• TASK DESCRIPTION: Starting with the line that has "A Flag of Palestine" in the records below and ending with the line that has "Batman/Fortnite: Zero Point", output those lines exactly and nothing more; omit the pictures.

• MATERIAL FOR THIS TASK:
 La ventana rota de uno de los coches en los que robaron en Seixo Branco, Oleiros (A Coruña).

--

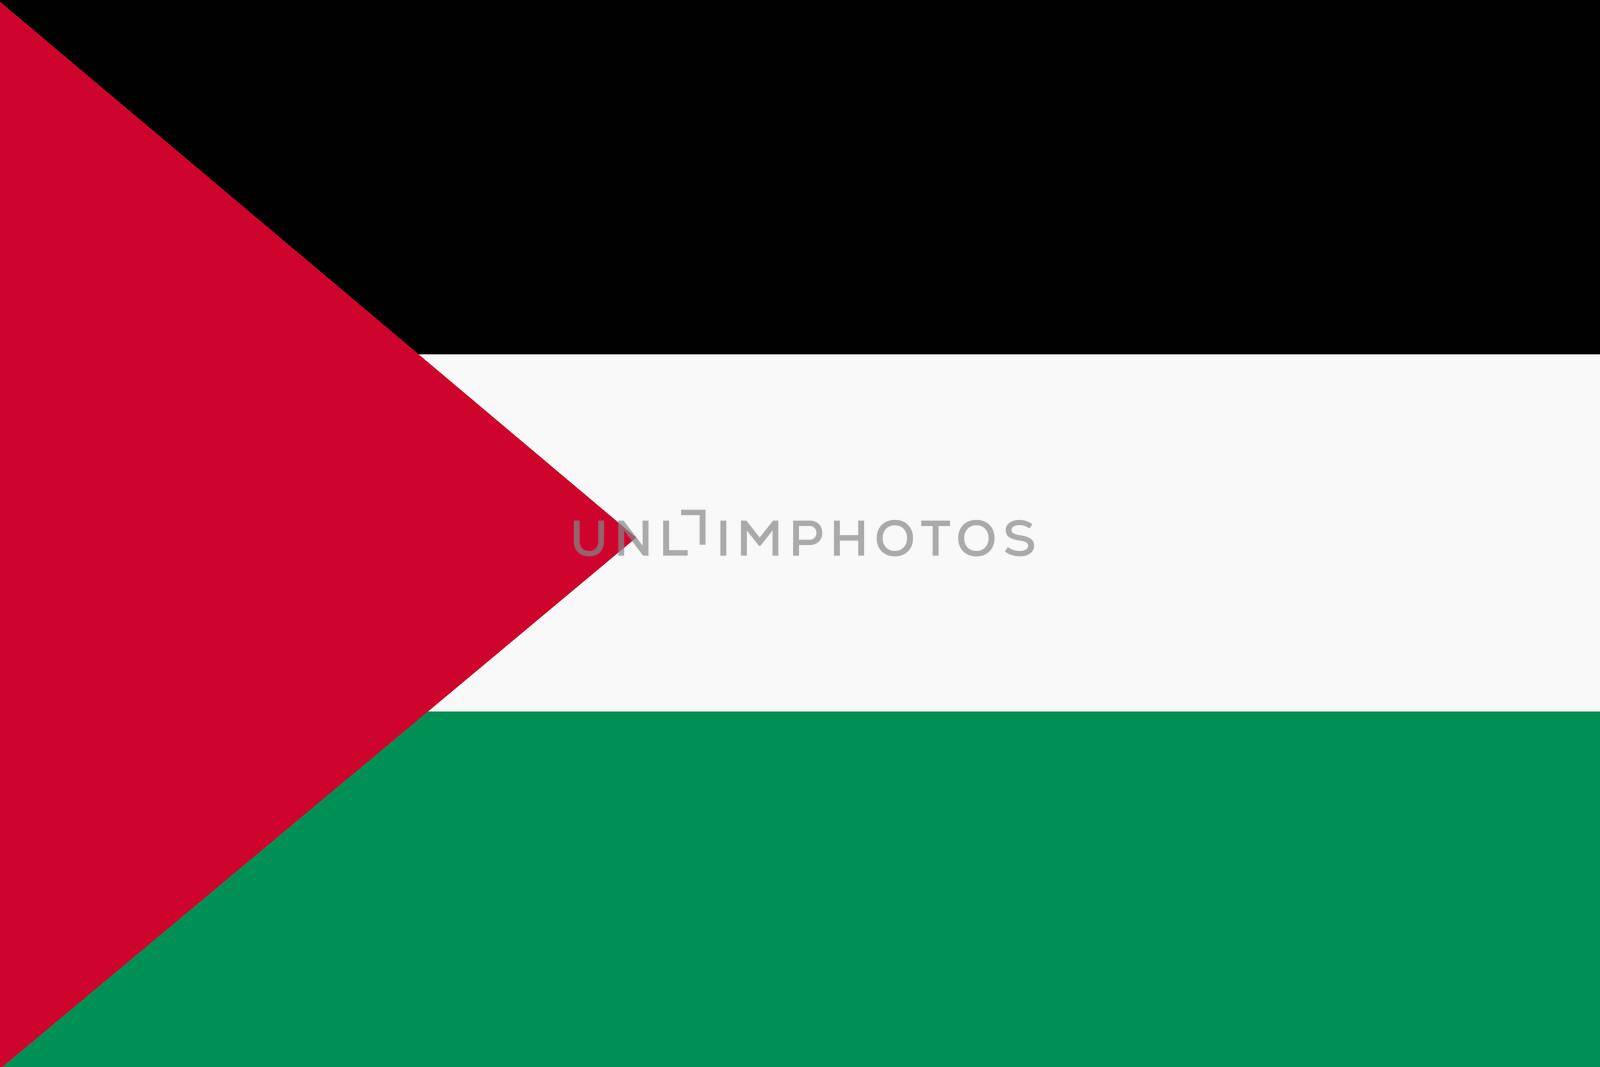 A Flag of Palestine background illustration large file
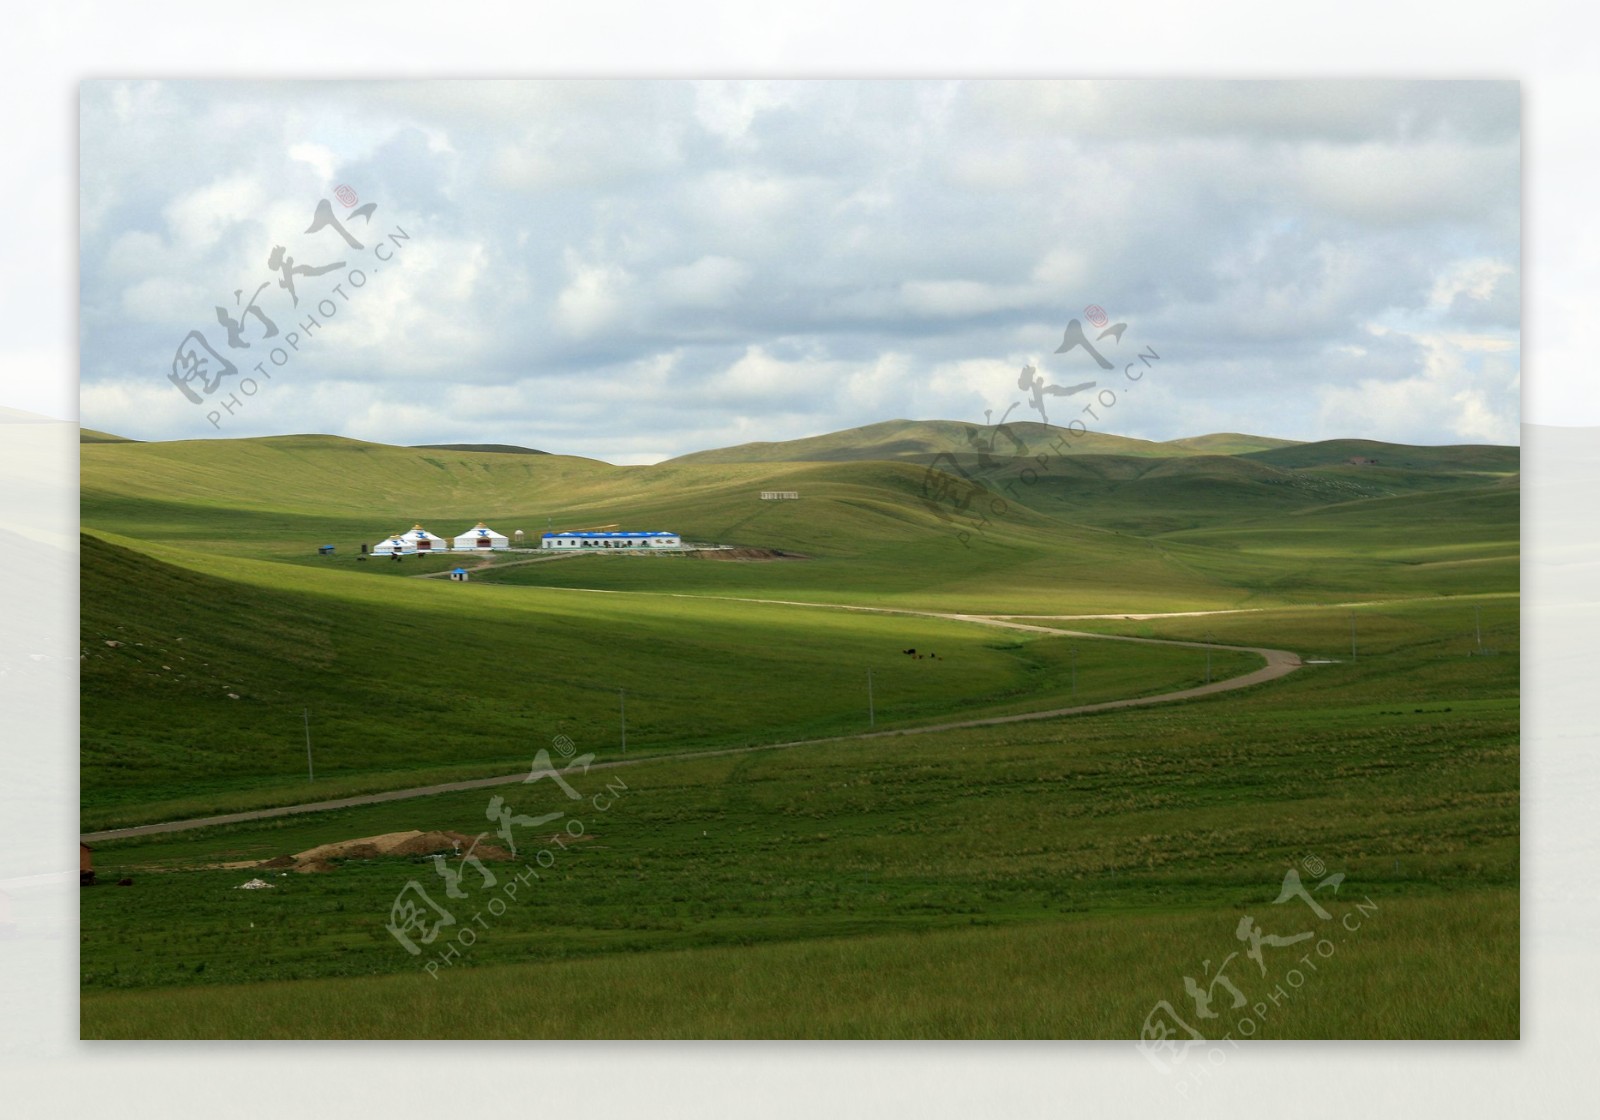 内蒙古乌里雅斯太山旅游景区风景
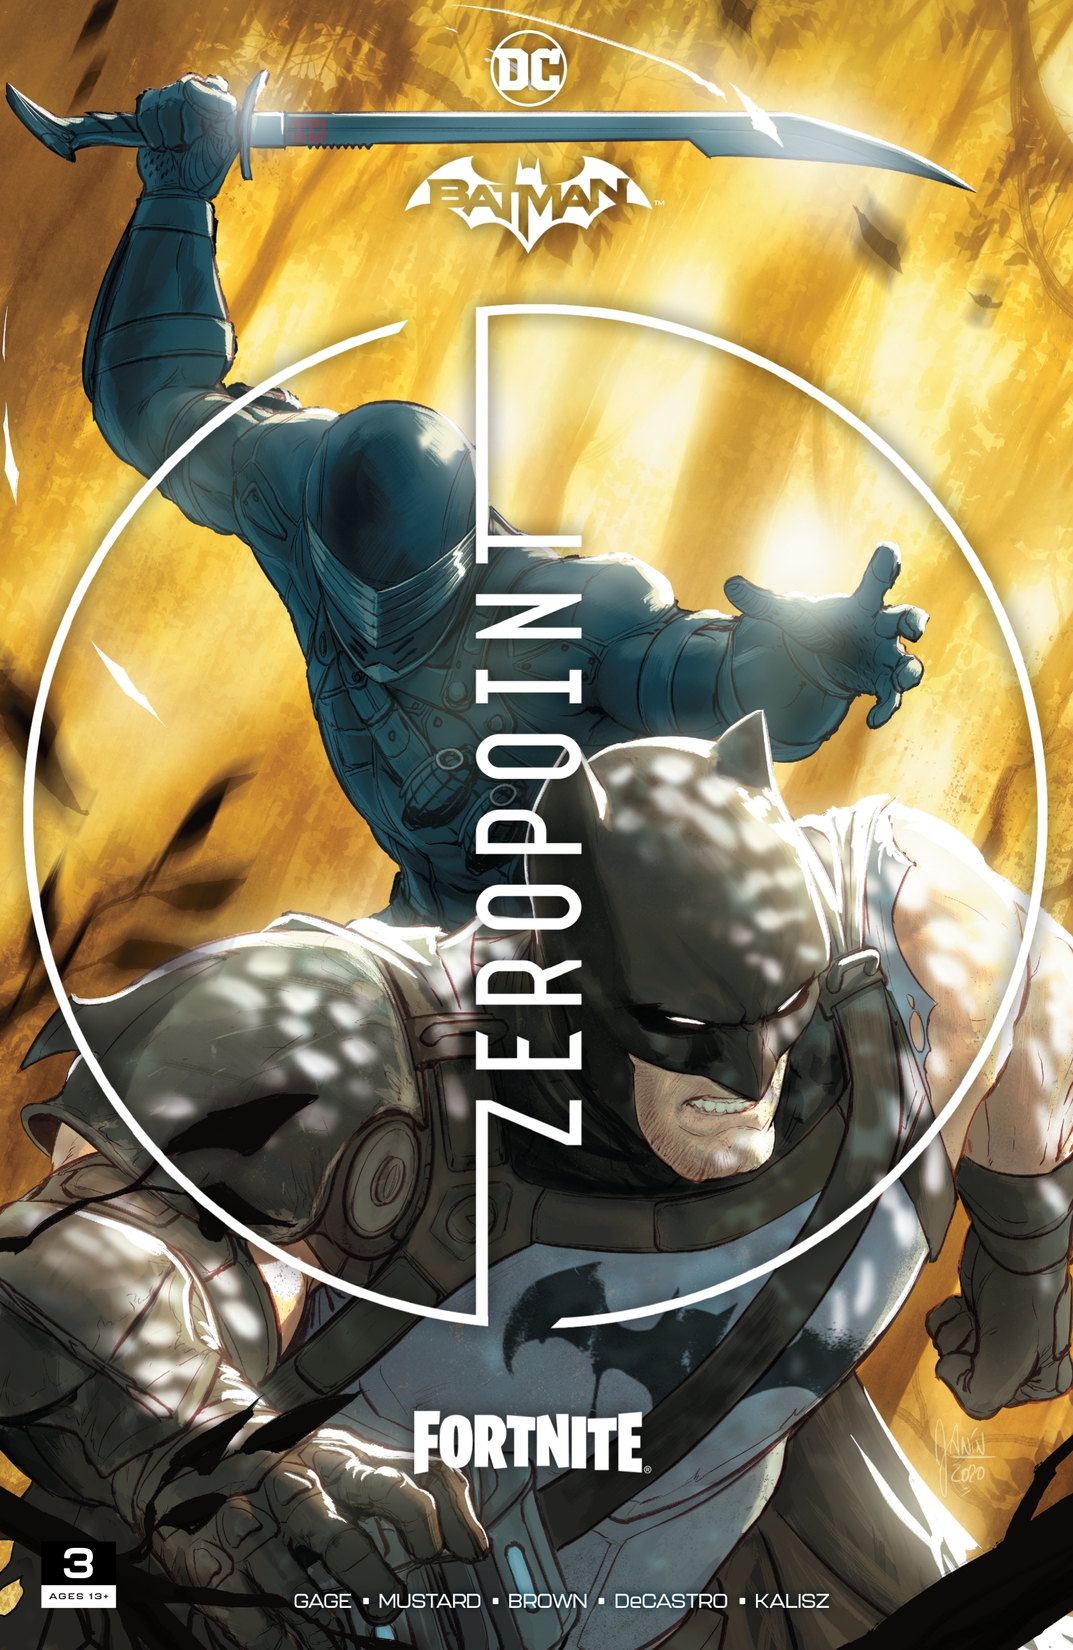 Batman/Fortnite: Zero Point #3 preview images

• THE COMPLETED TASK:
 A Flag of Palestine background illustration large file
 内蒙古乌里雅斯太山旅游景区风景
 Batman/Fortnite: Zero Point #3 preview images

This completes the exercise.